(Extracted records)

--- START ---

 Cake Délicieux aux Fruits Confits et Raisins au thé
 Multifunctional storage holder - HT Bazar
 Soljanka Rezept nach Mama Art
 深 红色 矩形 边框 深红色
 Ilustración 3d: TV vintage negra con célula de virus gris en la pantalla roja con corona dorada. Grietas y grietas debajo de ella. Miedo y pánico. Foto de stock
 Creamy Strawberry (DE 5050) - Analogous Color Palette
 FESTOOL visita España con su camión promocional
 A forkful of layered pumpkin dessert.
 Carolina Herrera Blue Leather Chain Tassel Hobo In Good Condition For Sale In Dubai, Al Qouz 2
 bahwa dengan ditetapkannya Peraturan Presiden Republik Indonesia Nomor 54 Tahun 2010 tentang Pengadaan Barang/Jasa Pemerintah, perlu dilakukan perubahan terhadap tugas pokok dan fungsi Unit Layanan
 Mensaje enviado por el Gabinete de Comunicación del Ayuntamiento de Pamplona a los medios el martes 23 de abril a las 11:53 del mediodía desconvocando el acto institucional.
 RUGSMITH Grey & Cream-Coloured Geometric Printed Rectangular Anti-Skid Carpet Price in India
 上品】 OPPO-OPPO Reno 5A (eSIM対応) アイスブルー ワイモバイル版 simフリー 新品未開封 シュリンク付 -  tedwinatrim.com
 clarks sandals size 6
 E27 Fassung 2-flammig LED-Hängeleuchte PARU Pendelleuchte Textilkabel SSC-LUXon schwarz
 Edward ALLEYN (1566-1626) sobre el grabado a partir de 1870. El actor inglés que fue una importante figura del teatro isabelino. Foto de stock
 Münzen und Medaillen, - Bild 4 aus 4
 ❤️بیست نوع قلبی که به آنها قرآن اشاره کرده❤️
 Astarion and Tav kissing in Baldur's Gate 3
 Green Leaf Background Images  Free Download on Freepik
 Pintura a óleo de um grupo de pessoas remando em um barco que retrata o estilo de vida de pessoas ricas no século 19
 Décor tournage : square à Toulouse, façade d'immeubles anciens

--- END ---

■ What you should do ■
Repeat the lines from the first one in the records through the line containing "Green Leaf Background", exactly as written, and nothing else.

■ Exercise response ■
 Cake Délicieux aux Fruits Confits et Raisins au thé
 Multifunctional storage holder - HT Bazar
 Soljanka Rezept nach Mama Art
 深 红色 矩形 边框 深红色
 Ilustración 3d: TV vintage negra con célula de virus gris en la pantalla roja con corona dorada. Grietas y grietas debajo de ella. Miedo y pánico. Foto de stock
 Creamy Strawberry (DE 5050) - Analogous Color Palette
 FESTOOL visita España con su camión promocional
 A forkful of layered pumpkin dessert.
 Carolina Herrera Blue Leather Chain Tassel Hobo In Good Condition For Sale In Dubai, Al Qouz 2
 bahwa dengan ditetapkannya Peraturan Presiden Republik Indonesia Nomor 54 Tahun 2010 tentang Pengadaan Barang/Jasa Pemerintah, perlu dilakukan perubahan terhadap tugas pokok dan fungsi Unit Layanan
 Mensaje enviado por el Gabinete de Comunicación del Ayuntamiento de Pamplona a los medios el martes 23 de abril a las 11:53 del mediodía desconvocando el acto institucional.
 RUGSMITH Grey & Cream-Coloured Geometric Printed Rectangular Anti-Skid Carpet Price in India
 上品】 OPPO-OPPO Reno 5A (eSIM対応) アイスブルー ワイモバイル版 simフリー 新品未開封 シュリンク付 -  tedwinatrim.com
 clarks sandals size 6
 E27 Fassung 2-flammig LED-Hängeleuchte PARU Pendelleuchte Textilkabel SSC-LUXon schwarz
 Edward ALLEYN (1566-1626) sobre el grabado a partir de 1870. El actor inglés que fue una importante figura del teatro isabelino. Foto de stock
 Münzen und Medaillen, - Bild 4 aus 4
 ❤️بیست نوع قلبی که به آنها قرآن اشاره کرده❤️
 Astarion and Tav kissing in Baldur's Gate 3
 Green Leaf Background Images  Free Download on Freepik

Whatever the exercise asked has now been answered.